Applying a data-driven lens to improve the efficiency and effectiveness of the criminal justice system has a potentially huge incentive: improving the bottom lines of state budgets around the country. According to Milgram, corrections ranks among the highest expenditures in state budgets. (As of 2012, corrections was No. 4 in California, for instance.) It costs $45,000 p er year in New Jersey to incarcerate someone, she said, and the cost of local systems nationally is estimated by the Department of Justice at more than $130 billion dollars a year. The costs of incarceration just prior to trial alone is $9 billion.

Milgram spoke about “moneyballing” criminal justice earlier this year at the Code for America Summit. Video of that talk is embedded below:


The returns for better applying technology in criminal justice extend far beyond reducing crime or costs to something that government officials are sworn to uphold: justice.

“It’s too expensive” is no longer an excuse

While Milgram is focused on getting a pilot up and running in New York City, Chicago’s data-driven approach to open government has been underway since Mayor Rahm Emanuel was elected in February 2011. At Strata + Hadoop World, Q Ethan McCallum, the author of the newly published Bad Data Handbook, joined Chicago chief information officer and chief data officer Brett Goldstein to talk about text mining and civic engagement.
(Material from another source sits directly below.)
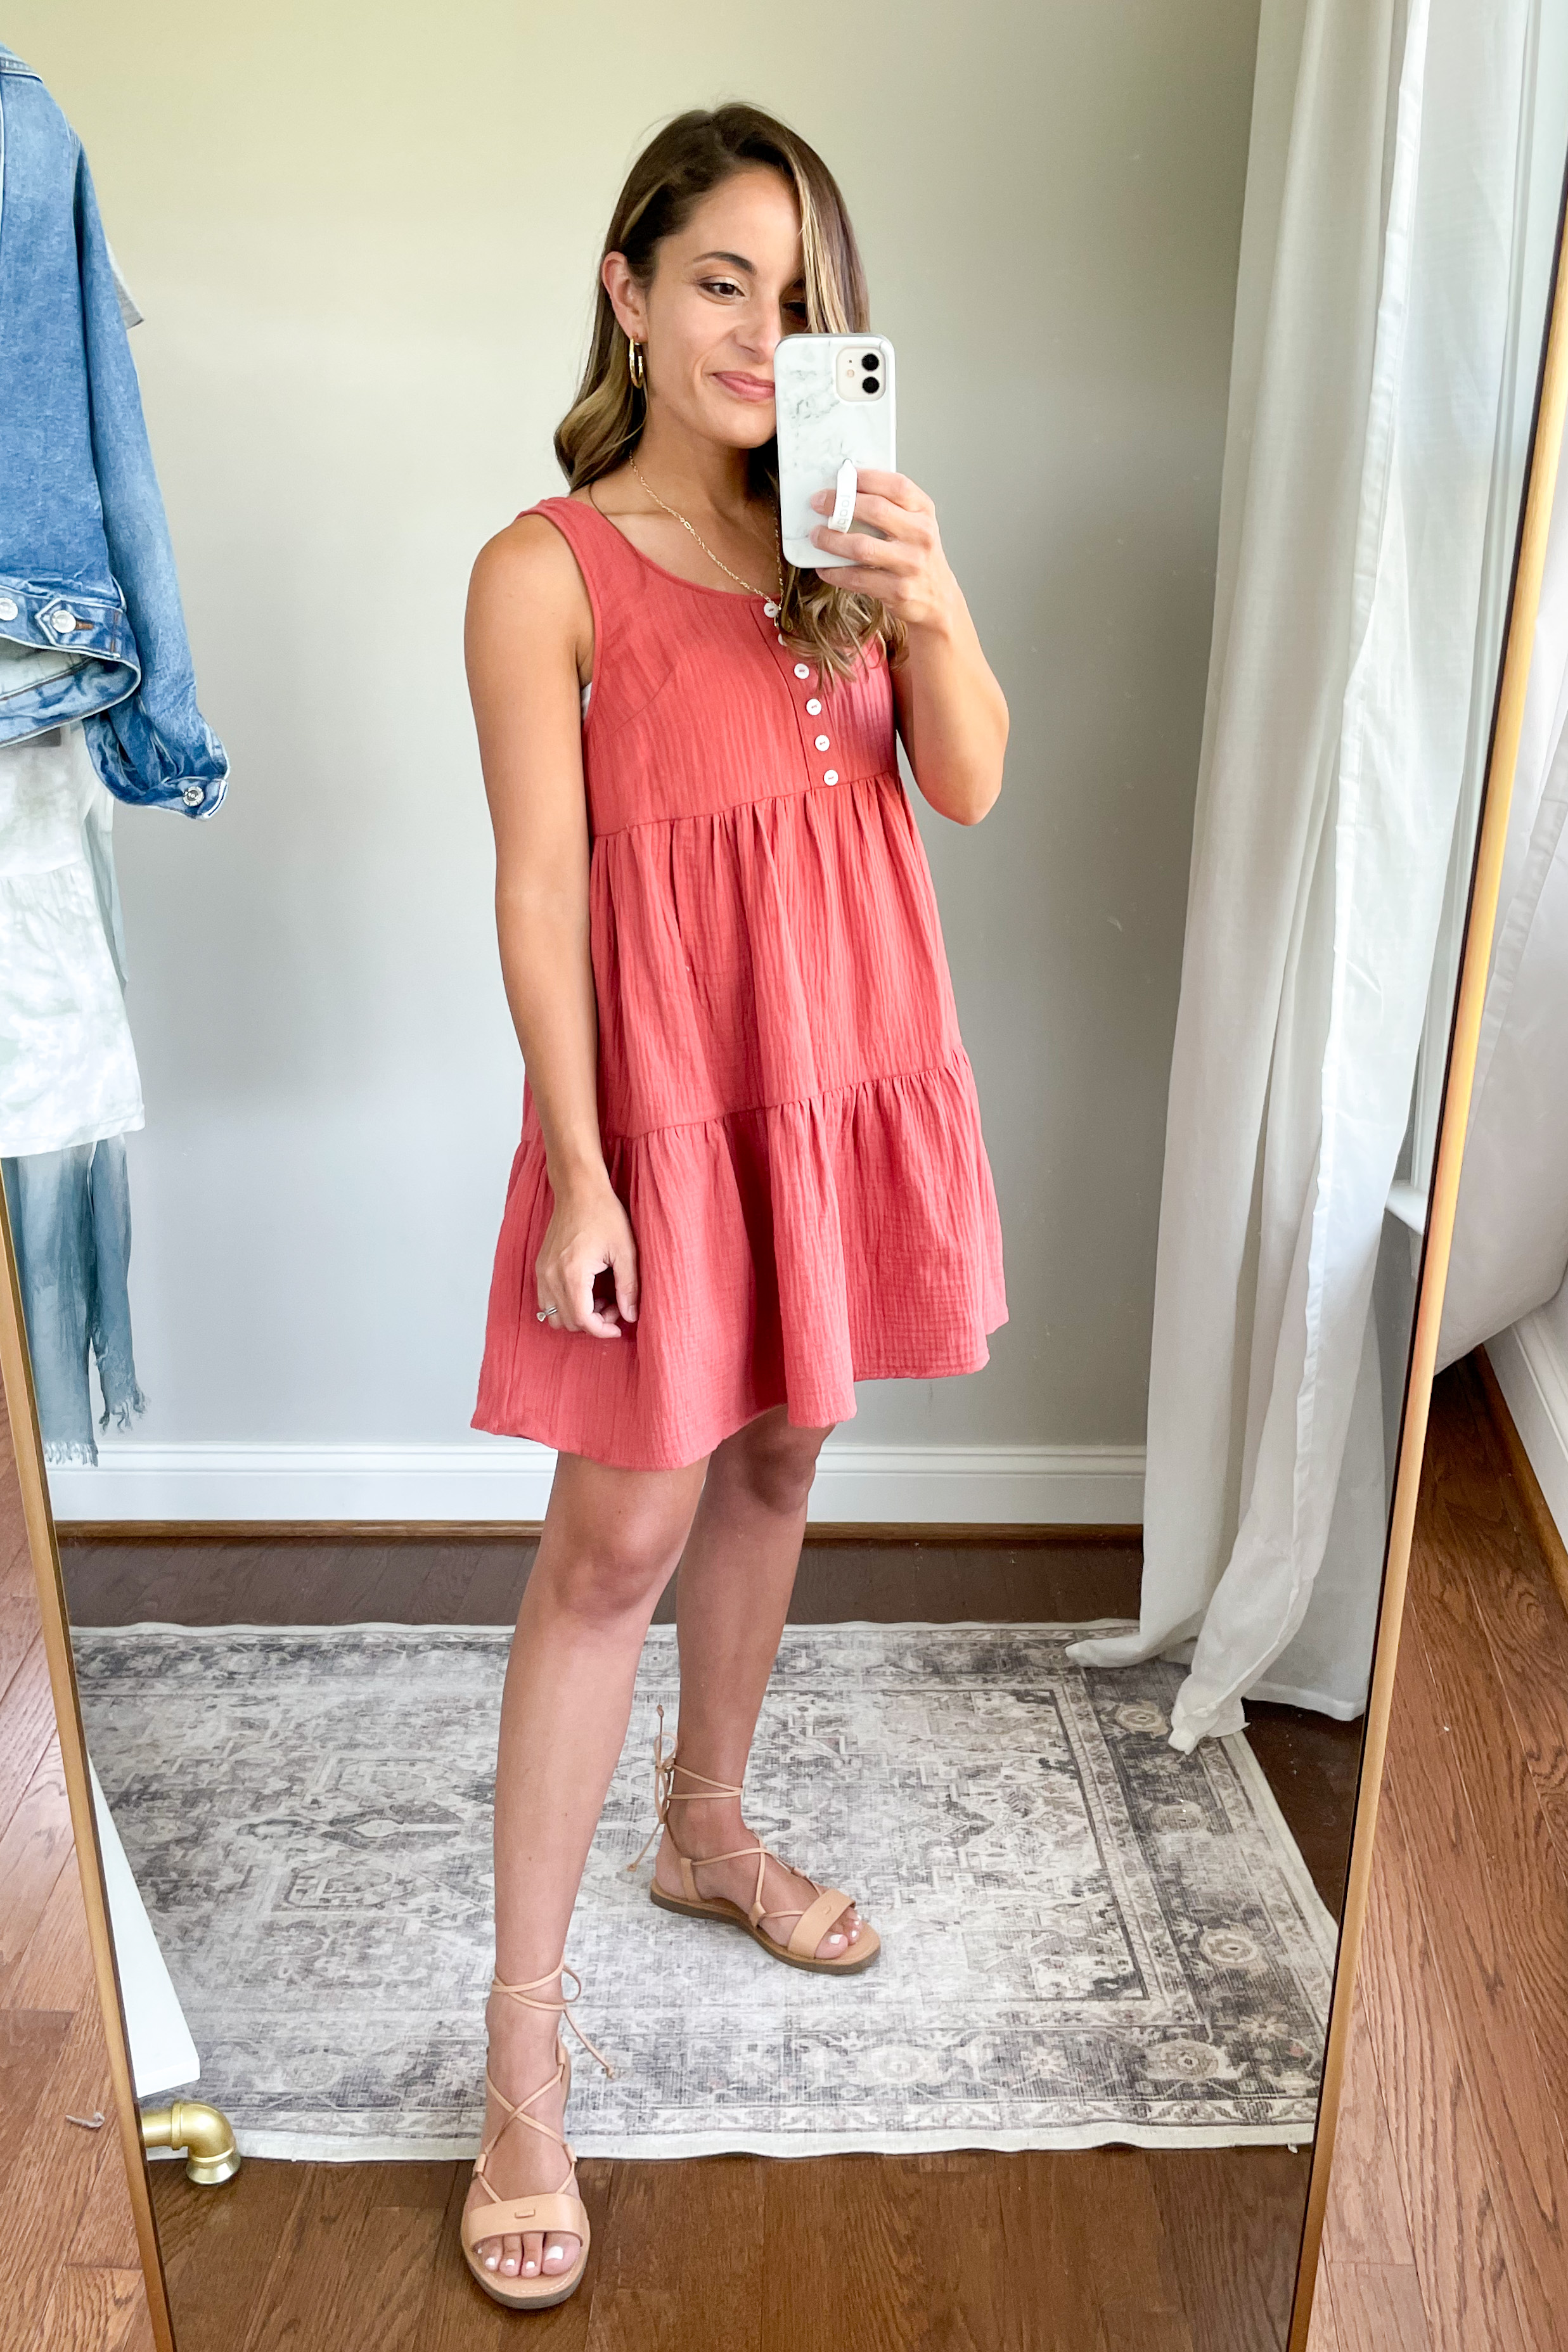 Petite summer outfits | petite style |  summer fashion | red dress outfits | 10 items 20 outfits

There’s much that can and should be said about what Chicago has accomplished with data in the past years, from the launch of Open 311 in Chicago, which creates public data infrastructure for civic apps like this flu shot finder, to the city’s embrace of its civic hacking community, which creates useful apps like Was my car towed?.
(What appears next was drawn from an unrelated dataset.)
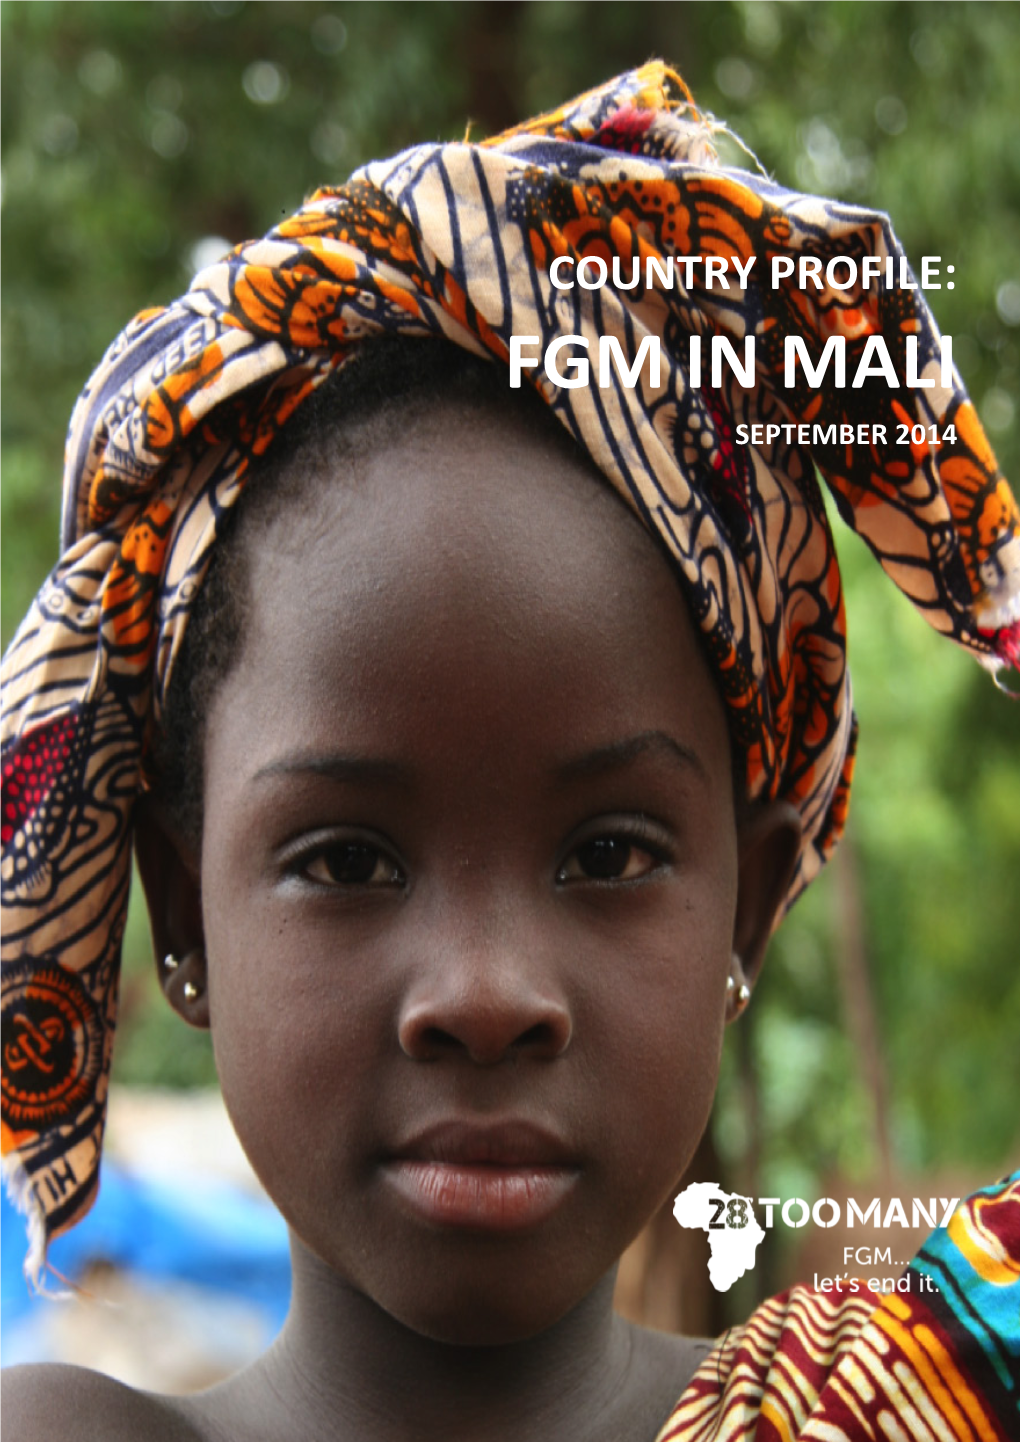 Country Profile: Mali, 28 Too Many, September 2014

What jumped out for me at Strata however, wasn’t the quality of Chicago’s data, how it has consumed it internally or the ecosystem of nonprofits, developers and startups that the city has worked to create around it. Instead, it was the importance of political leadership, results and the pursuit of internal capacity, not just the number of open datasets published online. “Mayor Emanuel wanted Chicago to be the standard for open data, analytics and prediction,” said Goldstein.

Chicago is a political place, he allowed with a laugh at the press conference at the Strata Conference, but the mandate from the mayor is to do it right. “We’re not creating pretty pictures,” he said. “We’re building a solid foundation.”

Goldstein, who added “CIO” to his title earlier this year, has spent a lot of time working on architecture since. The question has been how to bring the data together. Chicago has taken an open source approach to doing so, trying to make it universally easier to use and standardizing across the enterprise. He’s also been working with the community: Chicago is not only making municipal data available, but it’s also sponsoring R classes to help people understand how to put it to good use.

Goldstein’s team is dealing with short-term deliverables. Traditionally in IT projects, cities send out a request for proposals and then spend money on a big box solution — and that can take years. “My mandate is to give our residents every value for their taxes,” he said at the press conference. “By having an agile team, we could stand up in weeks what would take months or years. By having an agile mentality, you can get a rapid return. There are classic IT things that should go to RFP — like an ERP system — but why not build other things?”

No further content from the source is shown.